Here are the synopses of the items currently held in Write-on’s Bottom Drawer — our active store of submitted manuscripts. From this collection, the weekly programme is carefully selected. Although we aim to follow a first-come, first-served system, a few important factors influence the running order. We try to maintain a healthy mix of genres — avoiding an evening made up entirely of poems or all short stories, for example. The presence of the author is also important: if someone isn’t at the session, we usually postpone their piece until they can hear the feedback in person. Timing is another key element. A ten-page story isn’t ideal at five minutes to nine. So the presenter balances each session — choosing a mix of short and long pieces to ensure a smooth flow from start to finish. Write-on prides itself on good timekeeping: we begin at 7:00 p.m. sharp and aim to wrap up by 9:00 p.m. If discussion runs over, members are always free to slip away without apology. In short: the Bottom Drawer is both a working archive and a curated selection pool — filled with gold, and always ready to shine.        

MOTM (Mug Of The Month) with All Members Our monthly Mug of the Month challenges Members to provide a text of not more than 50 words, containing two given key words. On the last Thursday of the month, the submissions are presented at the start of the session, and then members vote for the winner, usually via a ballot list which is sent to the Write-On WhatsApp on their mobiles.
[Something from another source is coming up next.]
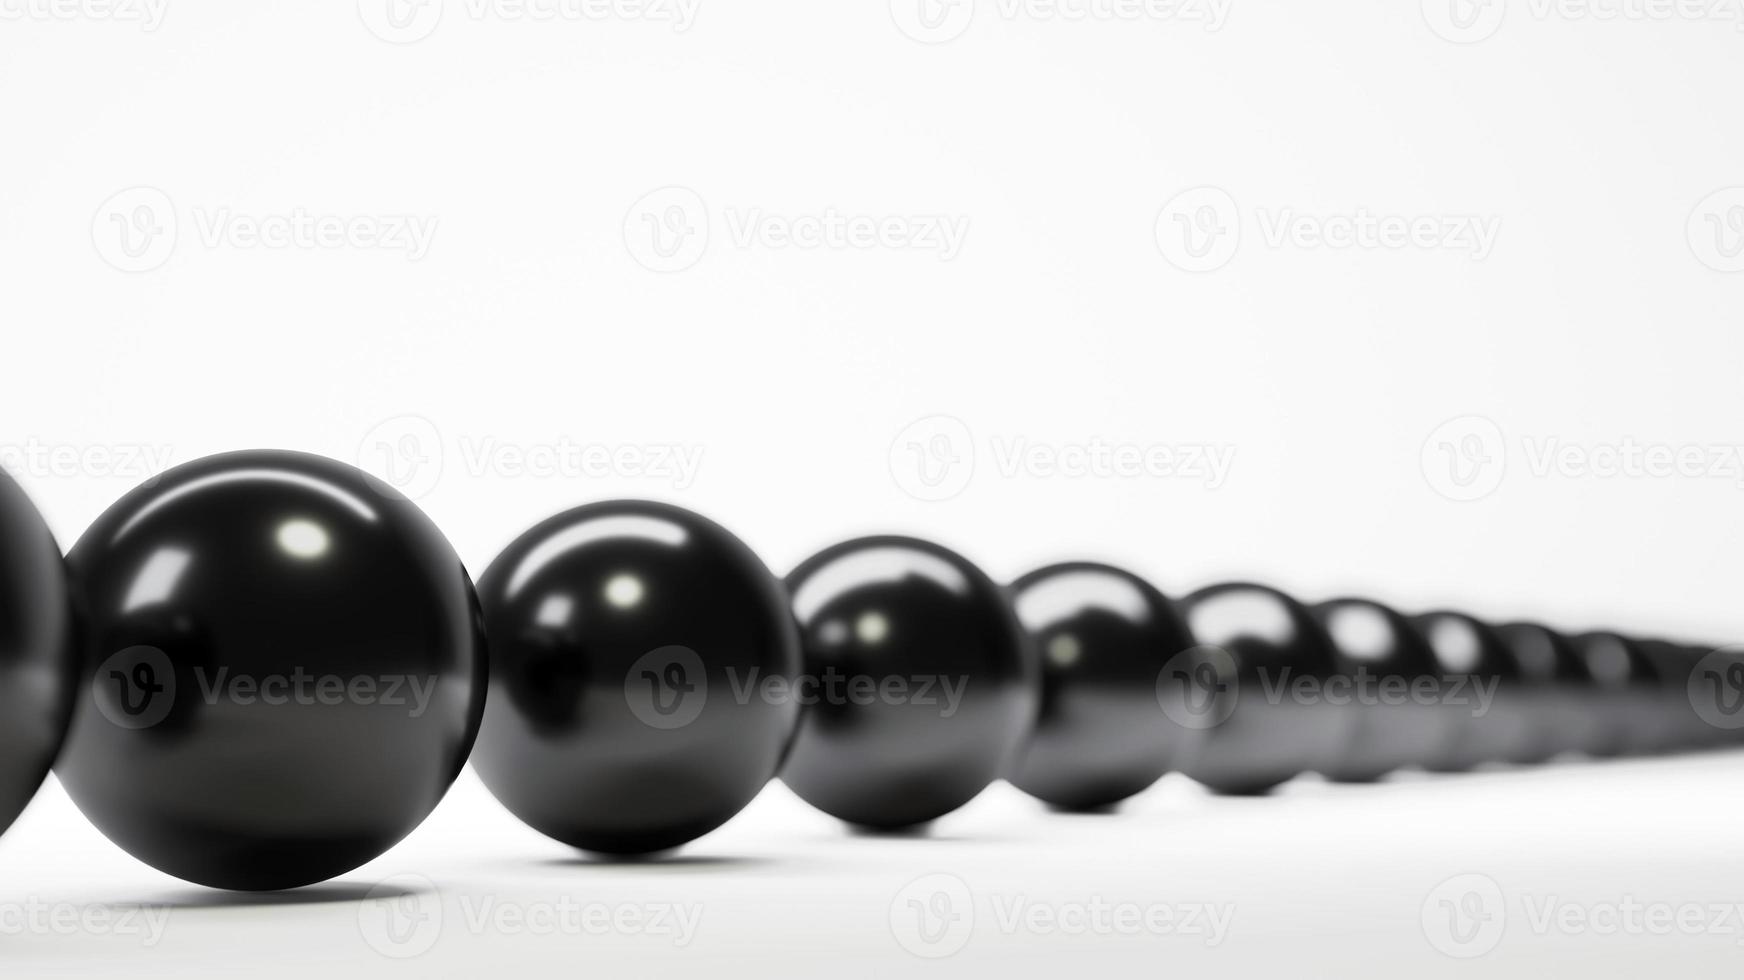 hilera de bolas negras profundidad de campo foto

The writer with the highest number of votes is entitled Mug of the Month, and is honoured by being the proud curator of the Mug he has won until the next competition (in which he/she is not allowed to participate). Always good fun, and amazing how much variety can result from Two Given Words. The words this month were: LIGHT and FALL. There are four entries.

The Ocean Kept Your Name by Kathleen Phelan In this elegiac and atmospheric poem, Kathleen Phelan explores the lingering ache of absence through the voice of the sea. Grief washes through each stanza in tides of memory, silence, and imagery — roses dropping like unsent letters, a house swaying in the weight of loss, and a voice barely clinging to the name of the gone. It’s a haunting meditation on presence, echo, and the slow unravel of love beyond the shoreline.    

The View from Glenfield by Kathleen Phelan When Miss Carr arrives in Glenfield to take up a teaching post, her clipped speech and city manner set her apart from the start. The village watches, judges, and absorbs her quietly — children change how they write, locals share mutterings, and the priest pays a smiling visit. Kathleen Phelan’s first short story is a study in subtle tension, showing how a stranger’s presence can unsettle a place without ever causing a scene. Atmospheric, spare, and quietly powerful, this debut piece marks a remarkable shift from poetry to prose.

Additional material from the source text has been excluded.